## Task item
With pictures left out, copy exactly every line from the one containing "Murano, venetisch Muran, ist" through the end of the material.

## Raw data
::::
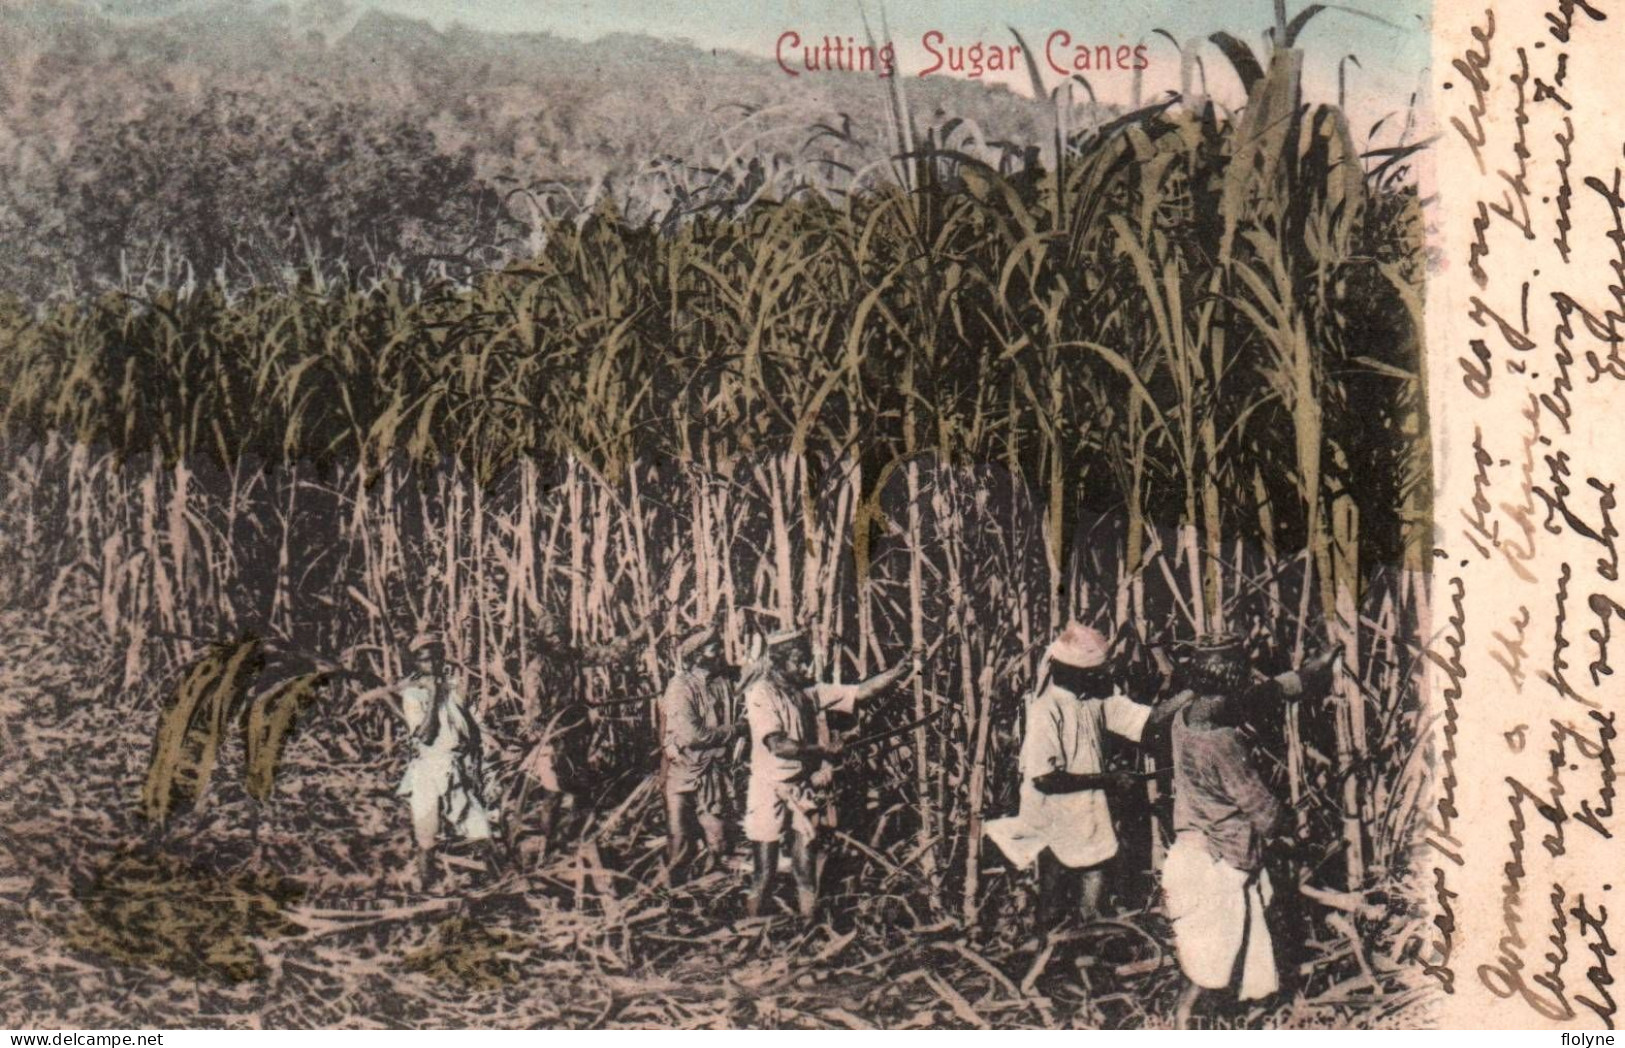 Durban ? - Cutting Sugar Canes - Cannes à Sucre - Afrique Du Sud South Africa Transvaal - Afrique Du Sud
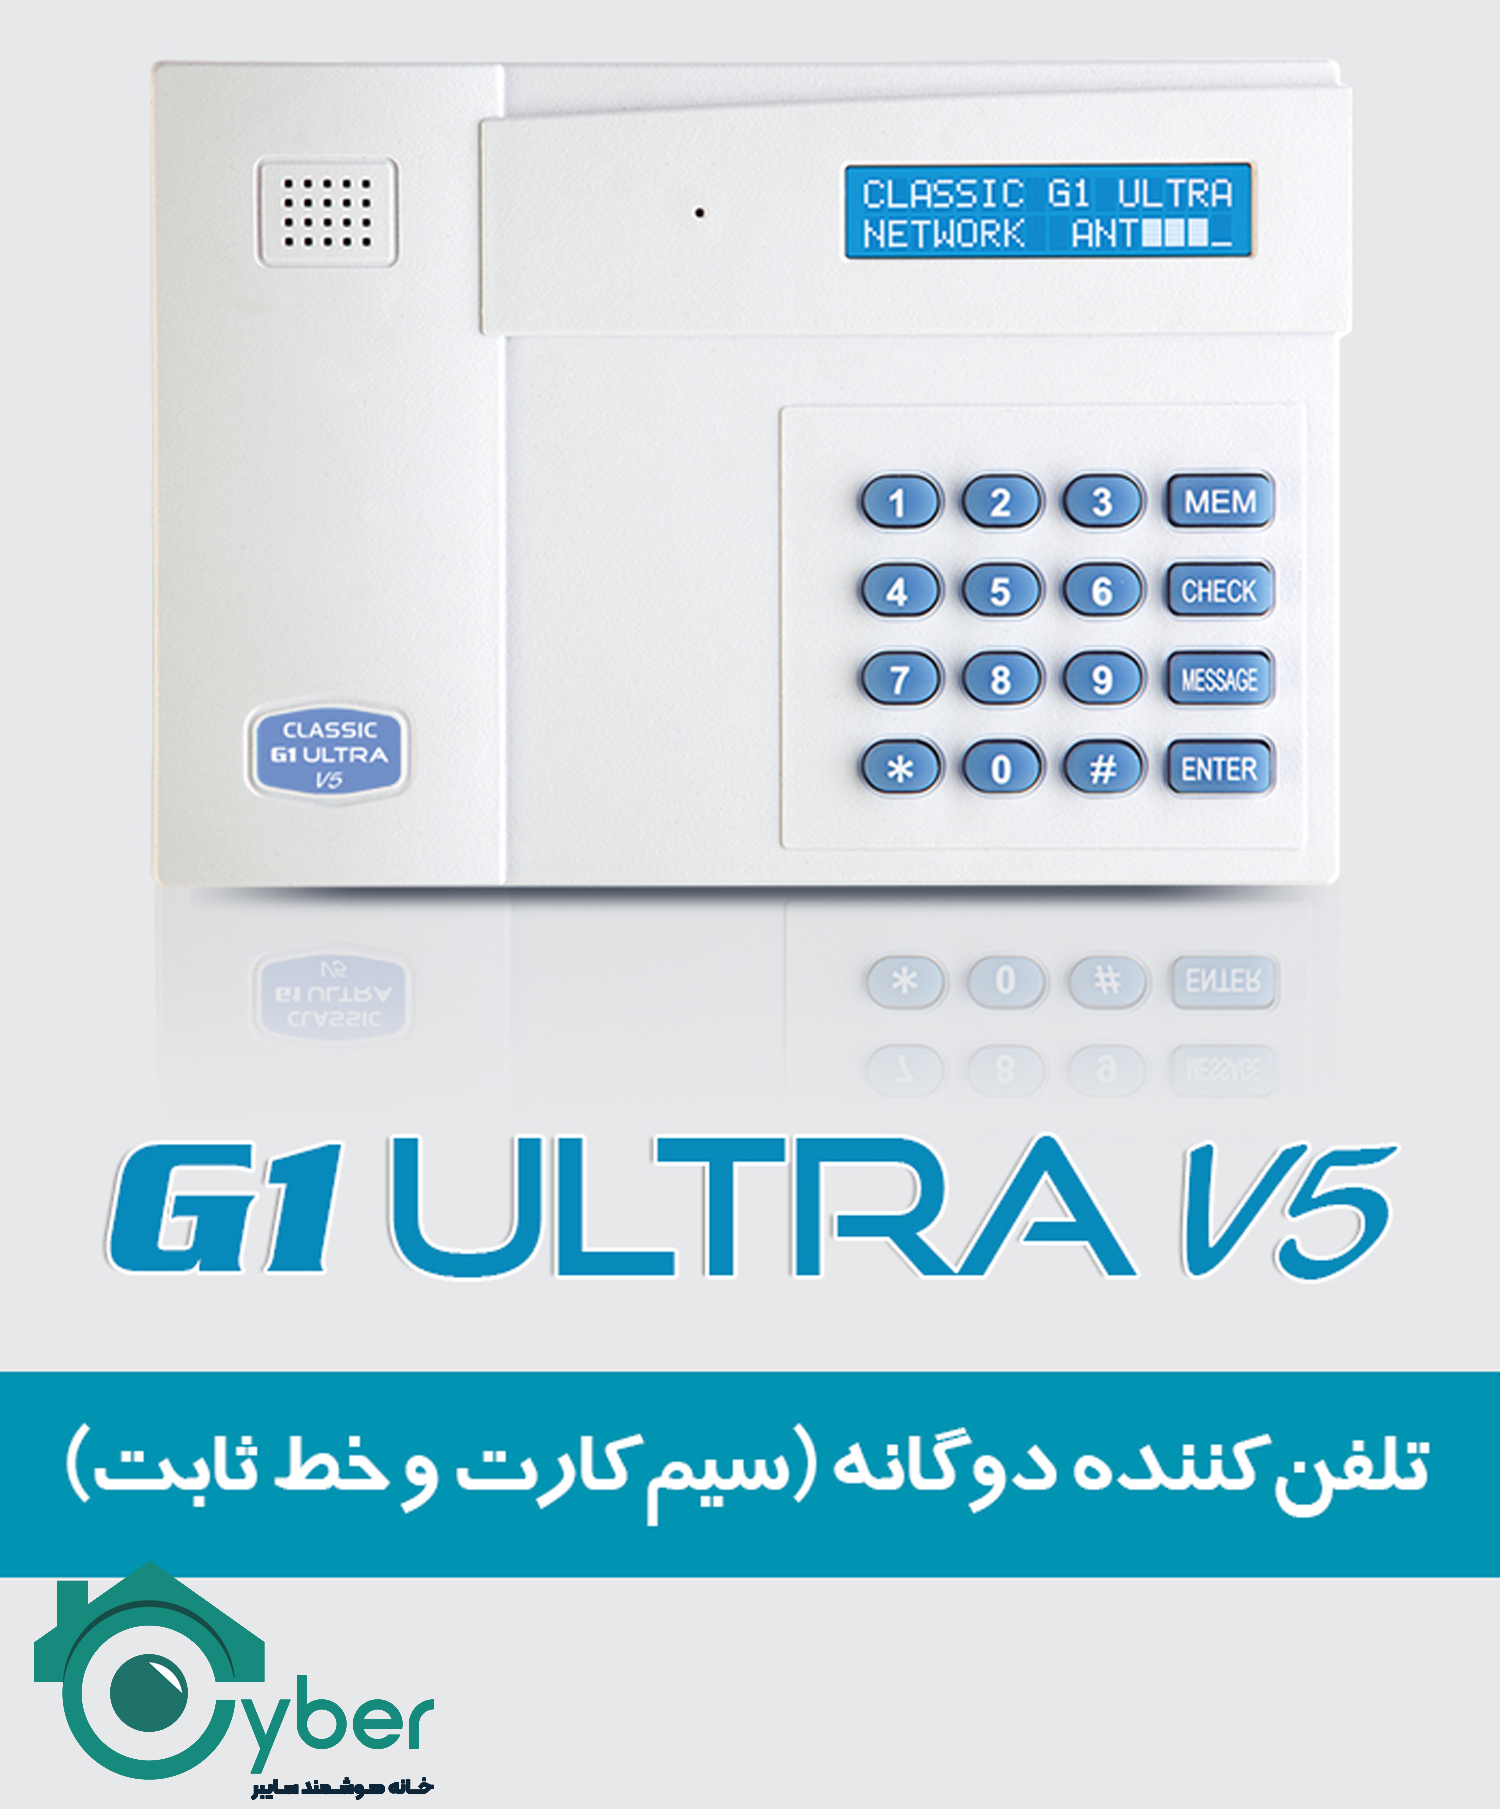 تلفن کننده سیمکارتی و تلفنی CLASSIC - کلاسیک مدل G1ULTRA V5
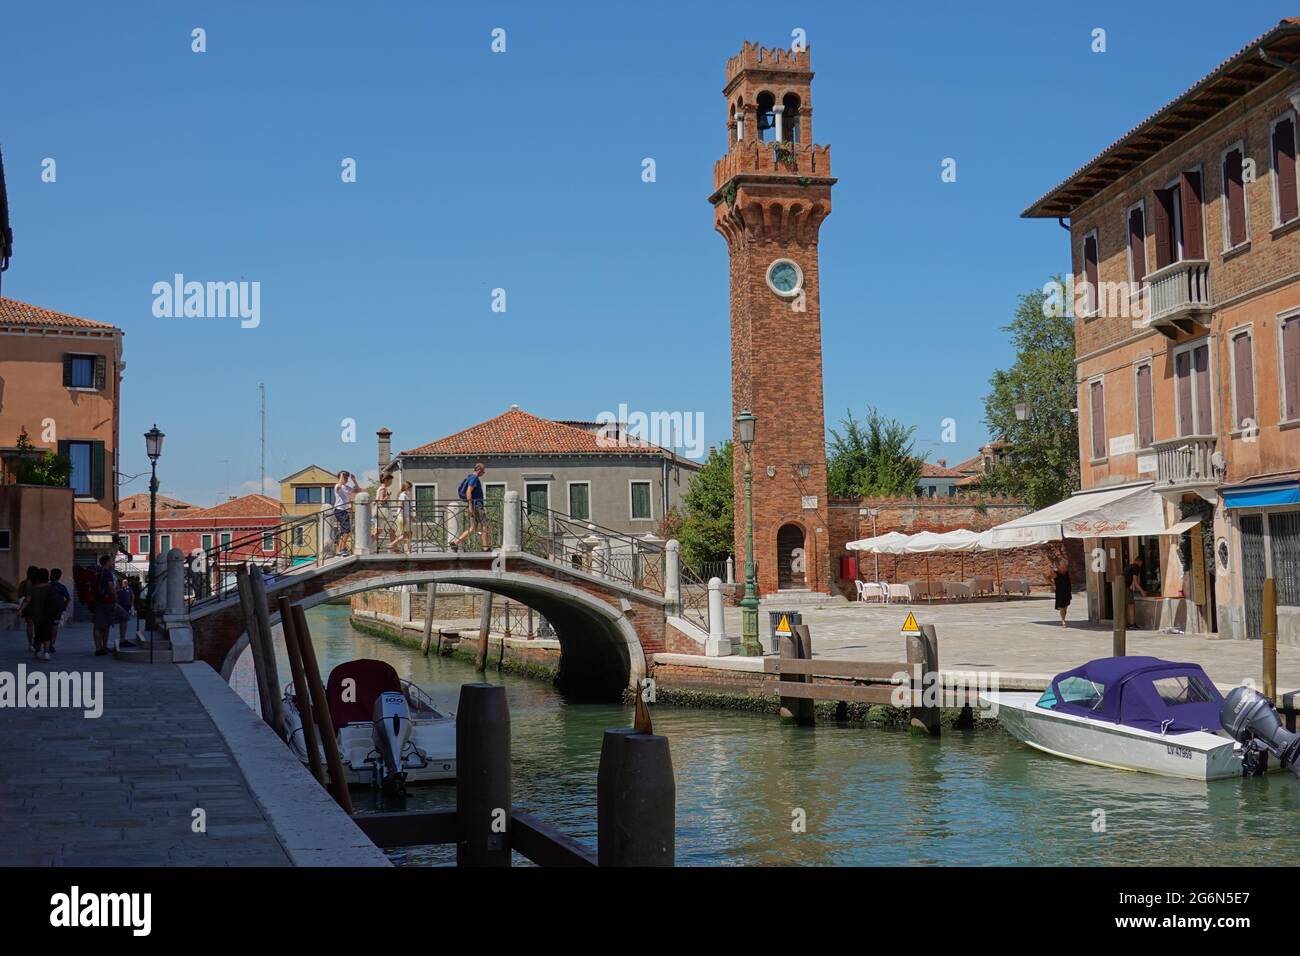 Murano, venetisch Muran, ist eine Inselgruppe nordöstlich der Altstadt von Venedig in der Lagune von Venedig. Sie ist bekannt für ihre Glaskunst, lebt Stock Photo
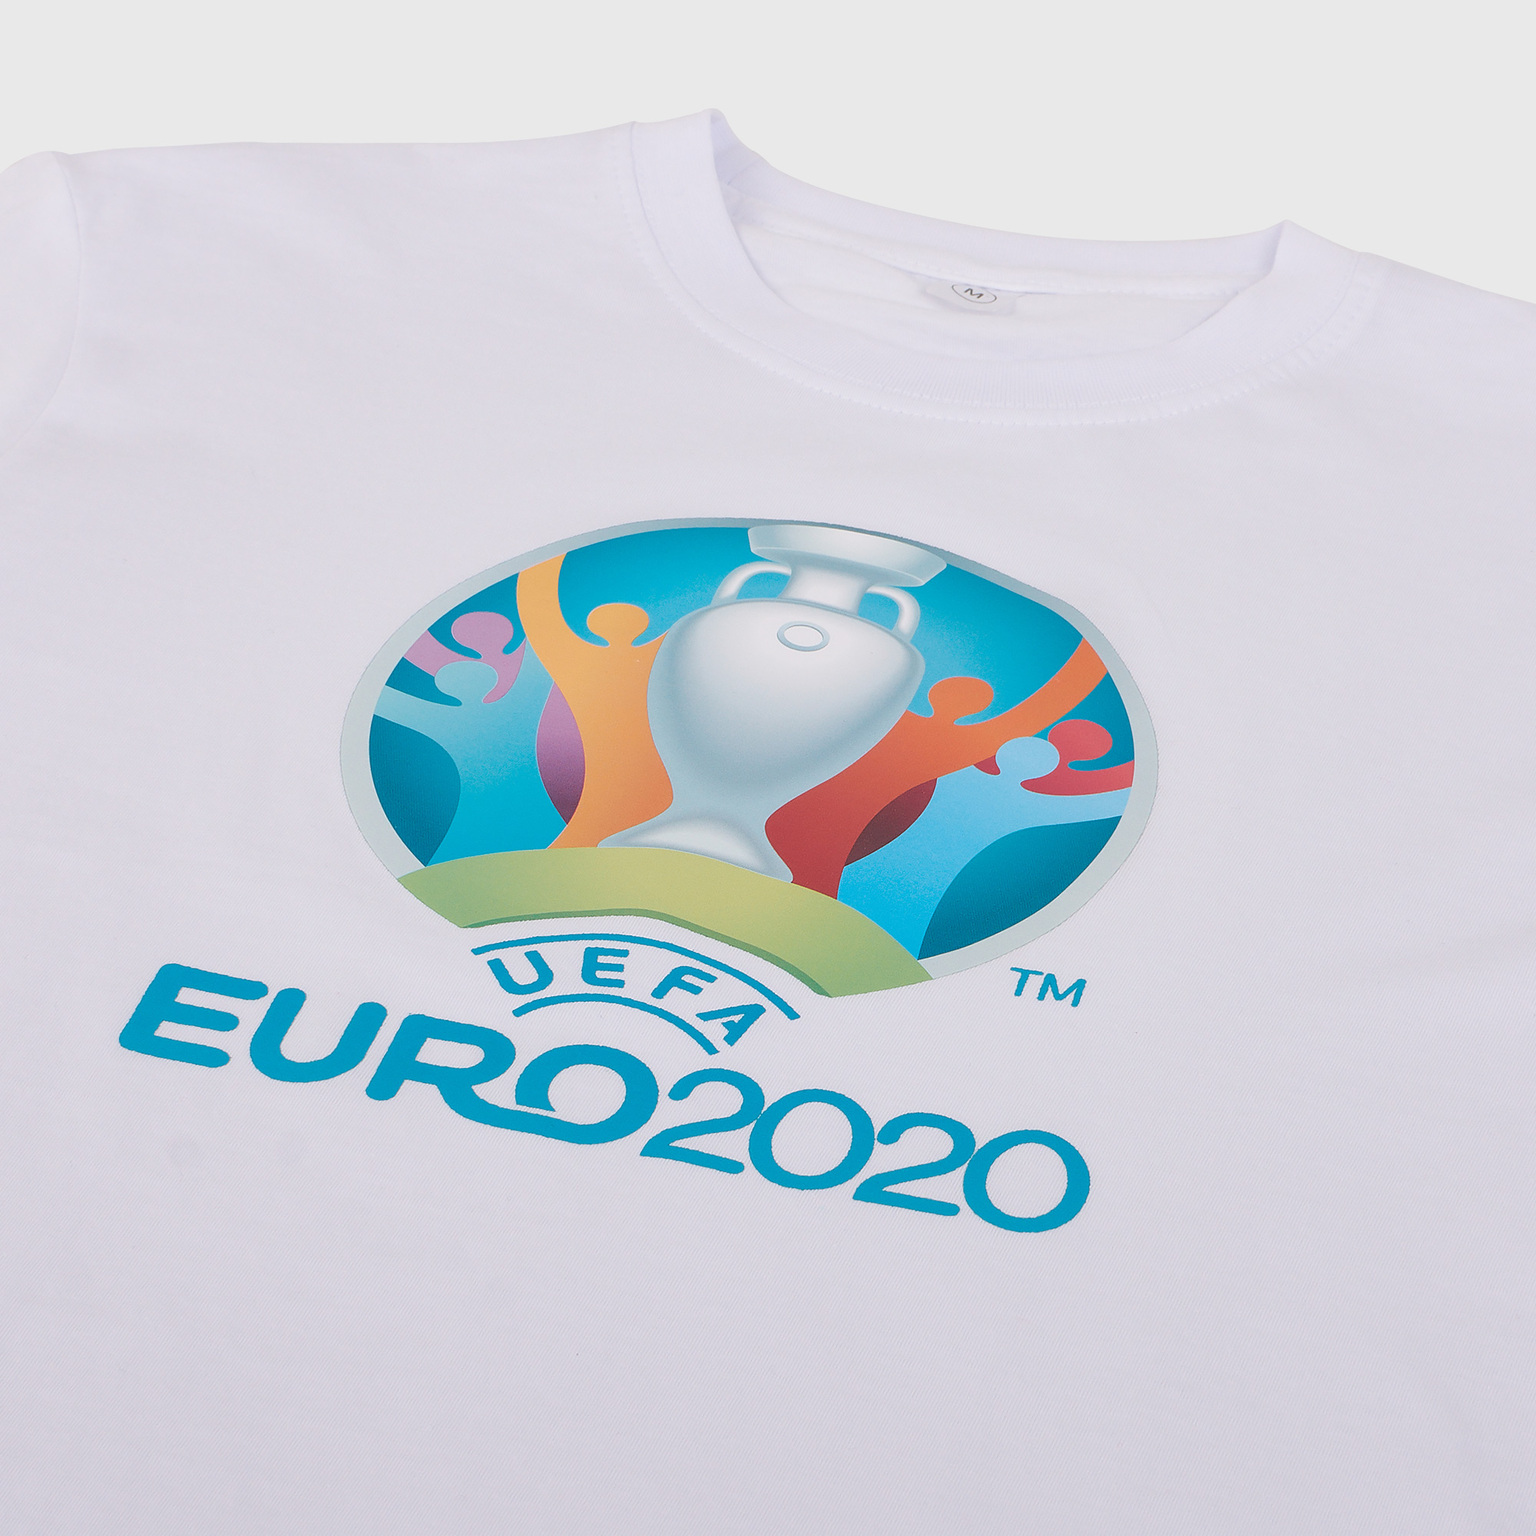 Футболка хлопковая Euro 2020 "Эмблема"
::::
## Response to the exercise
 Murano, venetisch Muran, ist eine Inselgruppe nordöstlich der Altstadt von Venedig in der Lagune von Venedig. Sie ist bekannt für ihre Glaskunst, lebt Stock Photo
 Футболка хлопковая Euro 2020 "Эмблема"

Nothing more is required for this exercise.